Doctors can't diagnose every single patient at risk of heart disease and even end up treating some who don't need treatment, but a team of researchers who decided to put machine learning on that case found that the new process was improved and results were notably more accurate with an AI helping doctors screen patients. To put it as shortly as possible, a machine learning AI that's fed routine clinical data about cardiac disease, in testing, was able to not only help doctors predict patients at extreme cardiovascular risk, but also screen patients that didn't actually need treatment, thus facilitating the process of diagnosing patients.

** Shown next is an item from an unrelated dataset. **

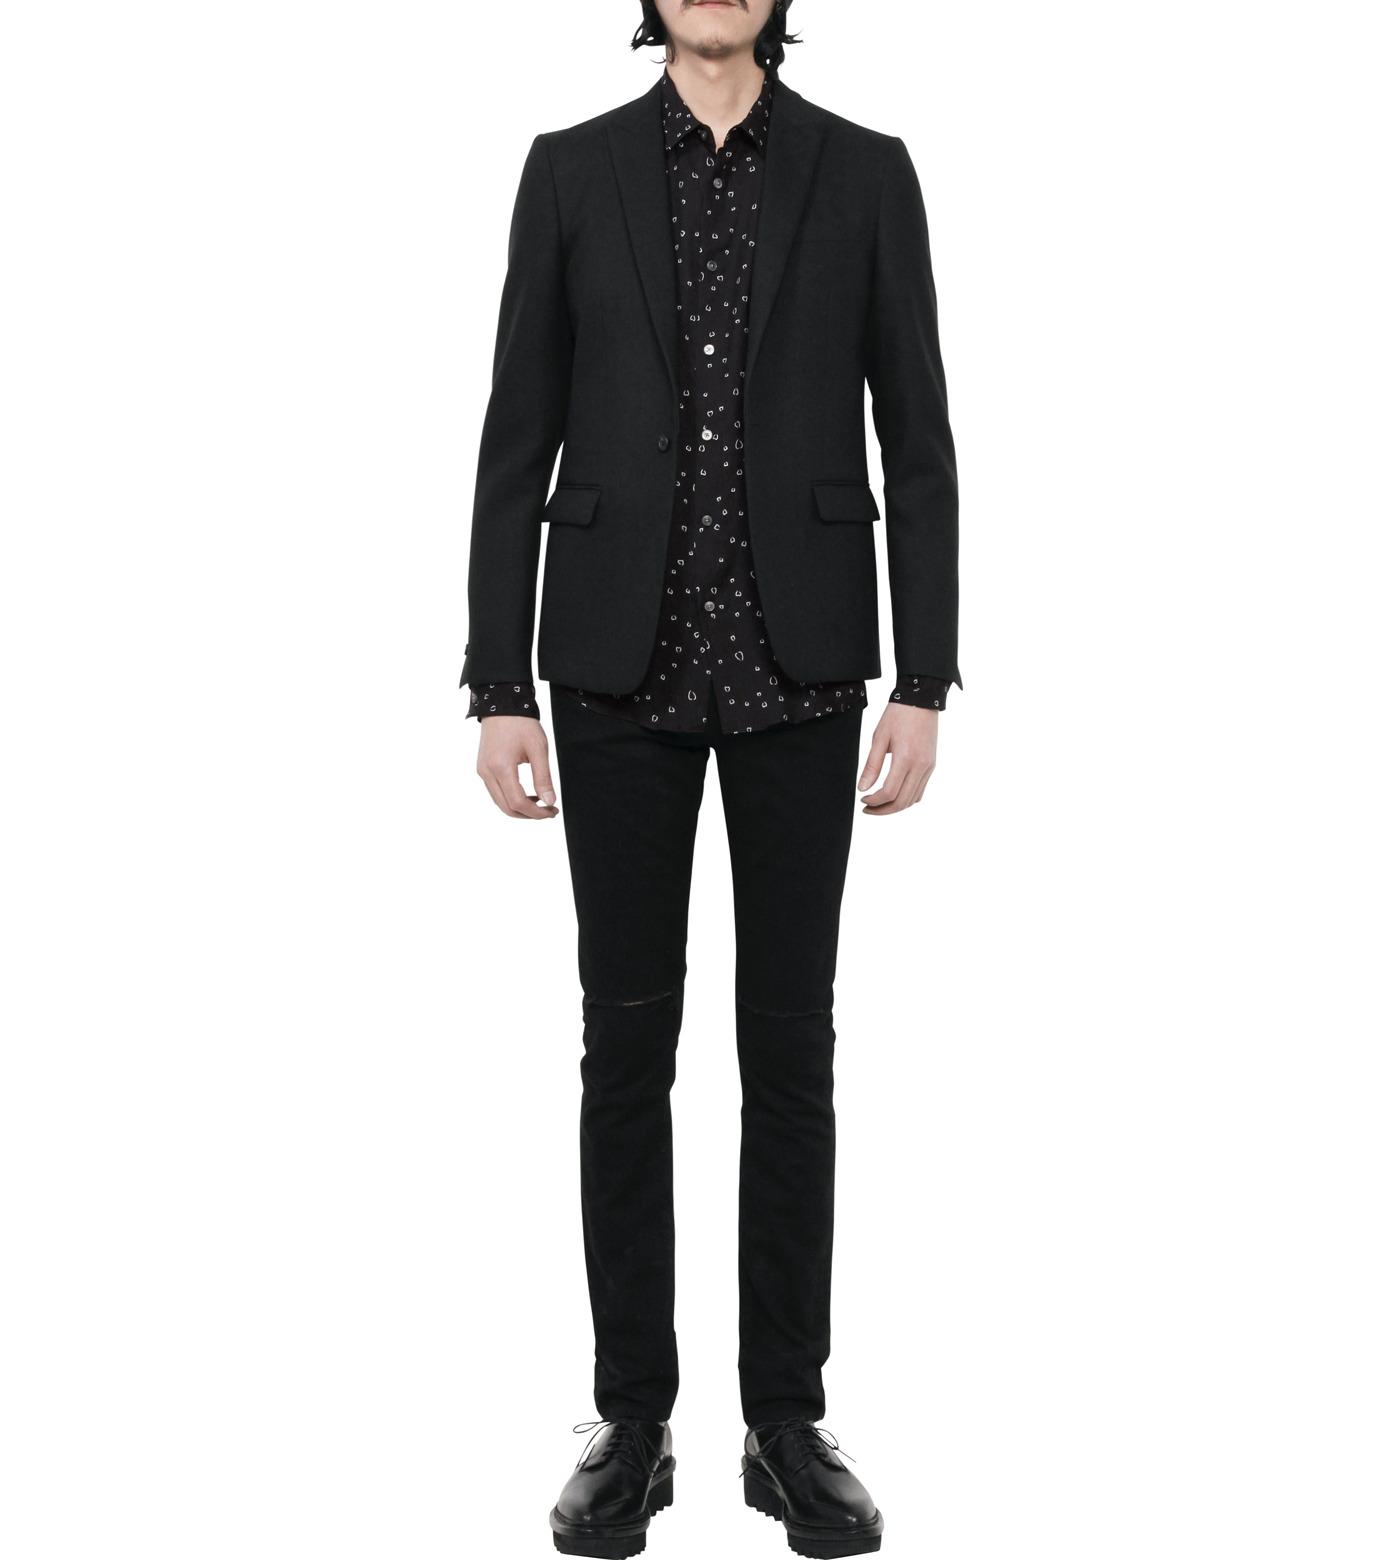 HL HEDDIE LOVU(エイチエル・エディールーヴ)のLINE HEART PATTERN SHIRT-BLACK(シャツ/shirt)-18S93002-13 拡大詳細画像5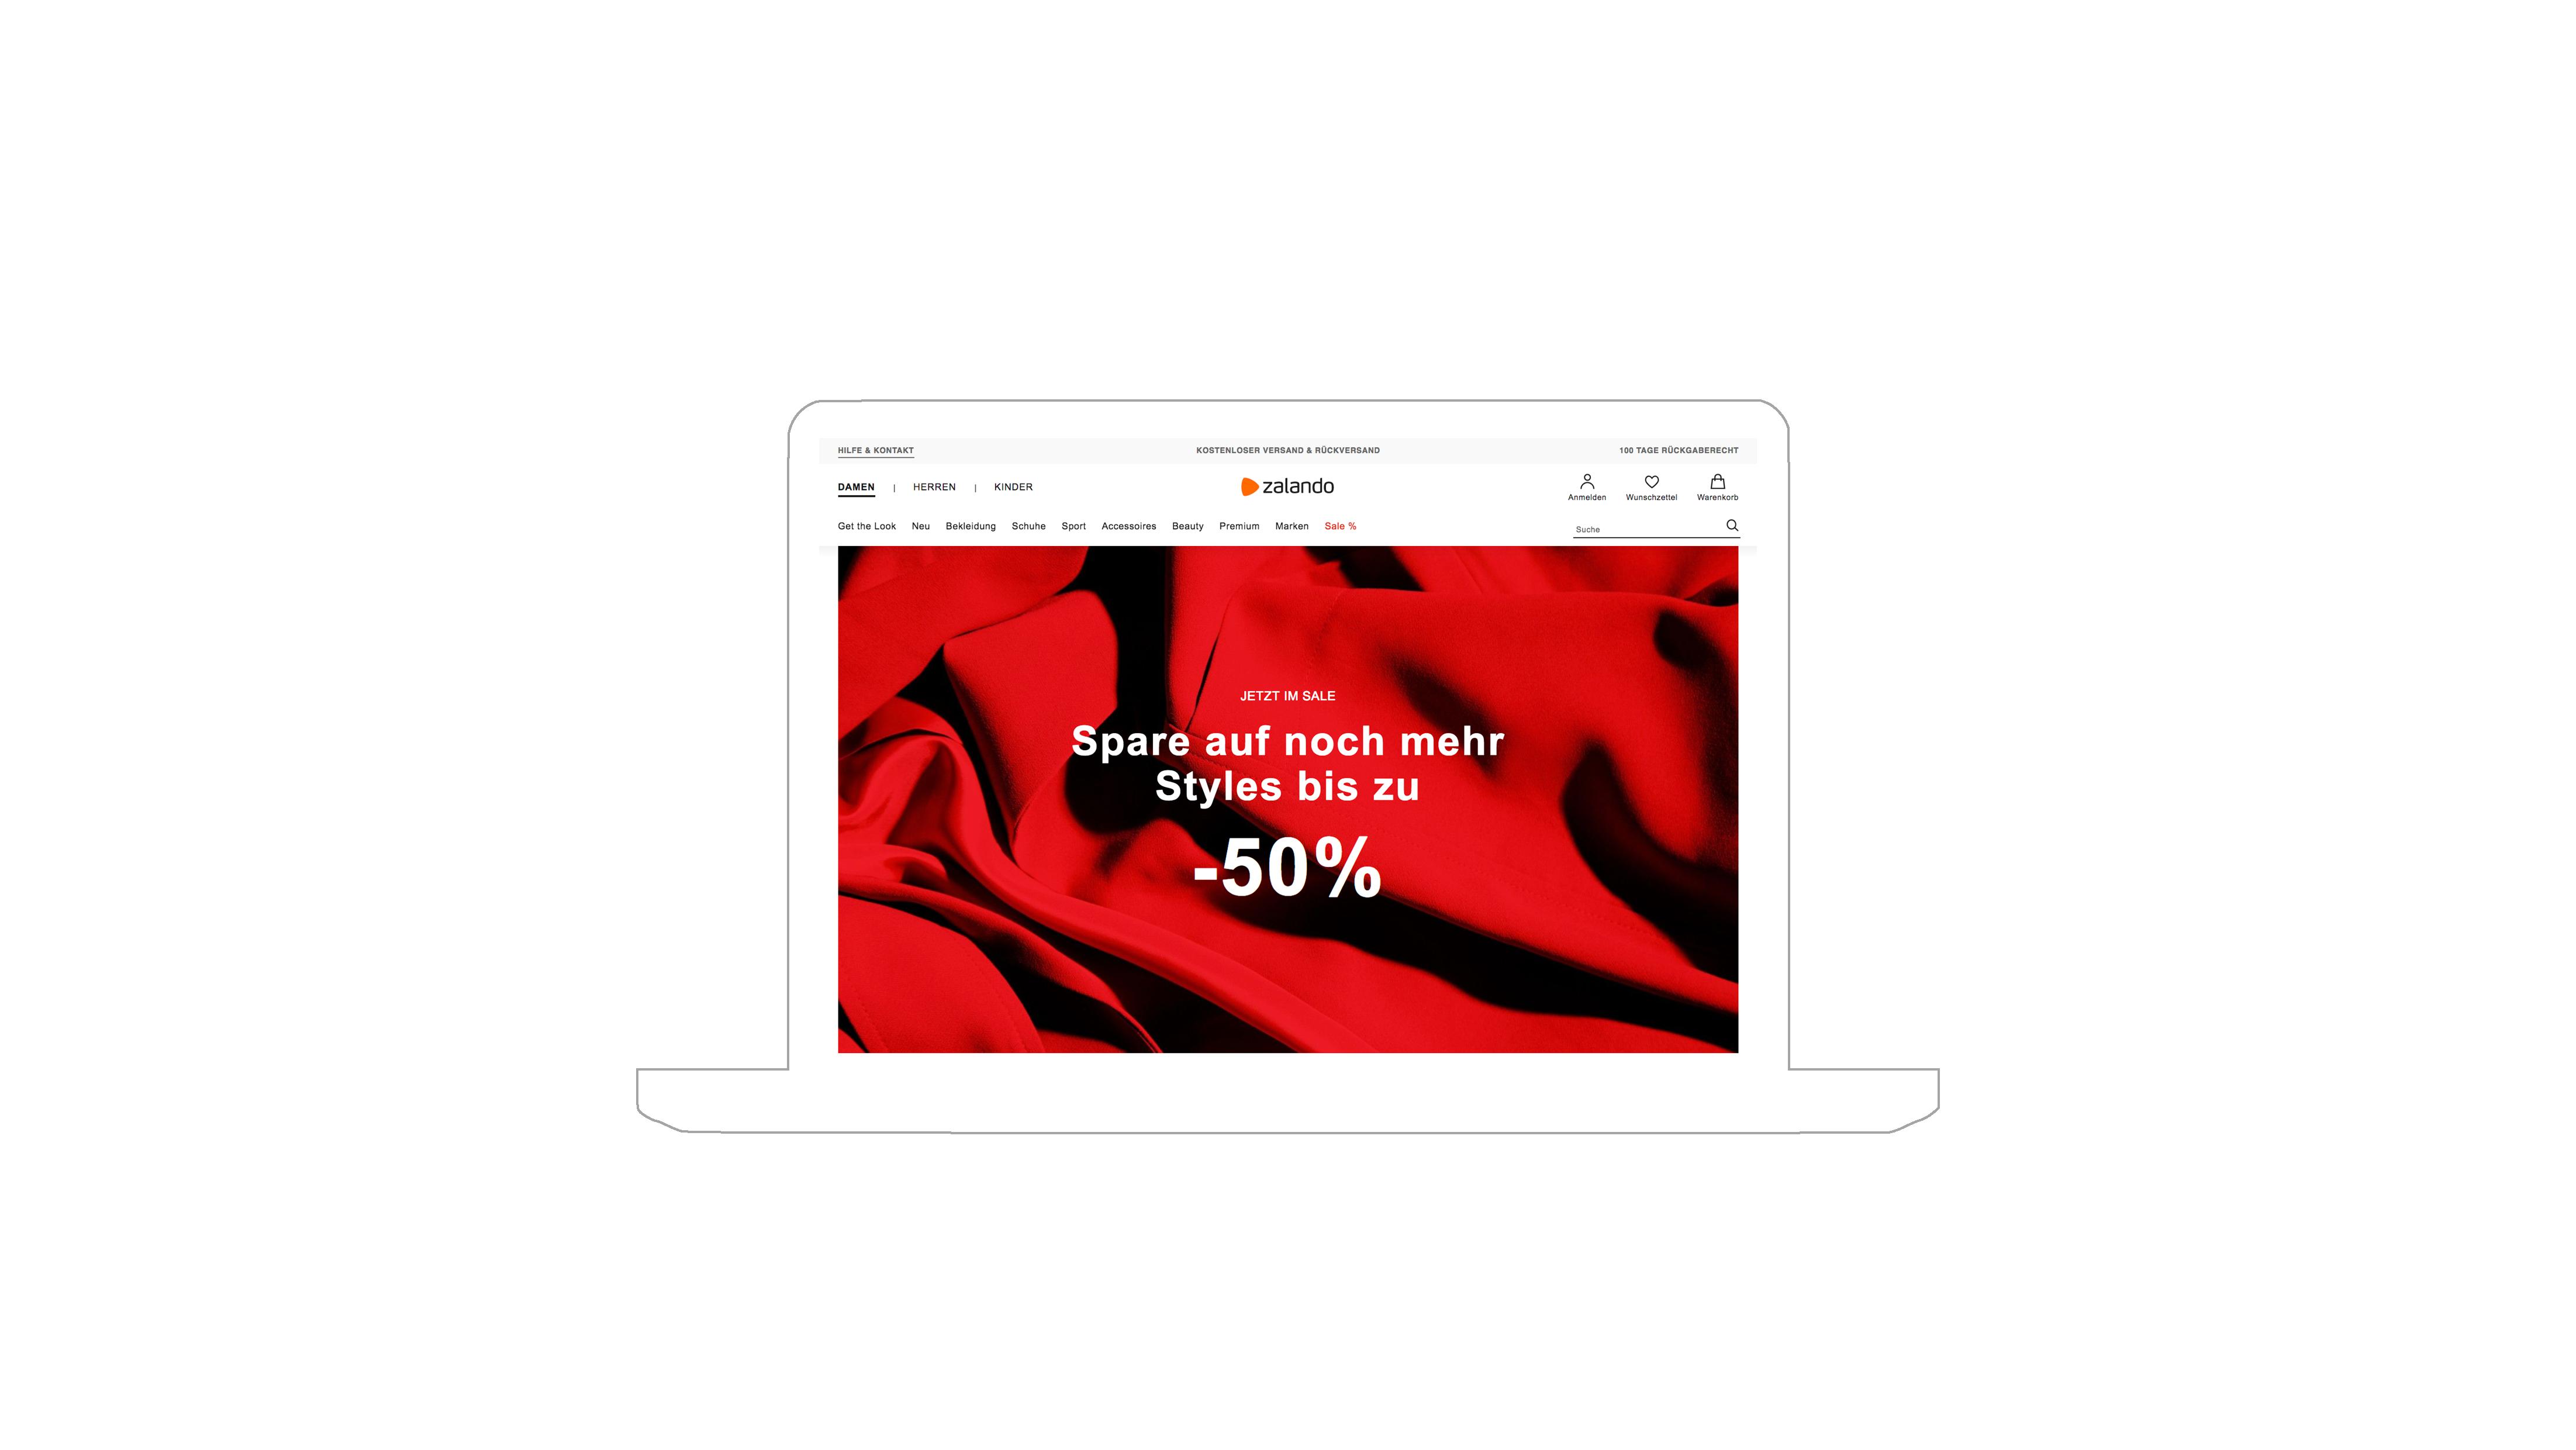 Nour, Alnader, Portfolio, Web, Zalando, Sale, Kampagne, Werbemittel, Advertising, Grafik, Illustration, Werbung, Ad, Online

Funding from the National Institute for Health Research School for Primary Care Research allowed Stephen F. Weng and Jenna Reps, among others, to create and train an AI based on four different algorithm models. The models used conventional machine learning and were mostly trained by being fed data from real medical cases, primarily simple routine treatments. The models were based on a random forest method, logistic regression, gradient boosting machines, and neural networks. The four models all had an identical goal – predicting a patient's first cardiovascular event, which normally manifests as a heart attack. The freshly trained AI managed to beat an established AI based on guidelines from the American College of Cardiology and the new AI correctly predicted 355 patients out of a pool of 24,970 cardiovascular incidents.
The conclusions bode well for modern medicine, but the AI is only a bit ahead of the longstanding algorithm for now. Further advancement will come, of course, and the model will grow when fed more data over time, should the researchers choose to continue cultivating it. For the time being, no cardiologist will have to worry about having an AI shorten their day or even replace them despite the fact that even this experimental AI ended up diagnosing heart diseases somewhat more accurately than human doctors, but technology is certainly heading in that direction. Given the flexibility of machine learning and neural networking, this is essentially the natural progression of things, at least according to some Google executives. Medicine in particular is a segment that's not only ripe for an AI revolution but is already benefitting from the advancement of automated help in some areas.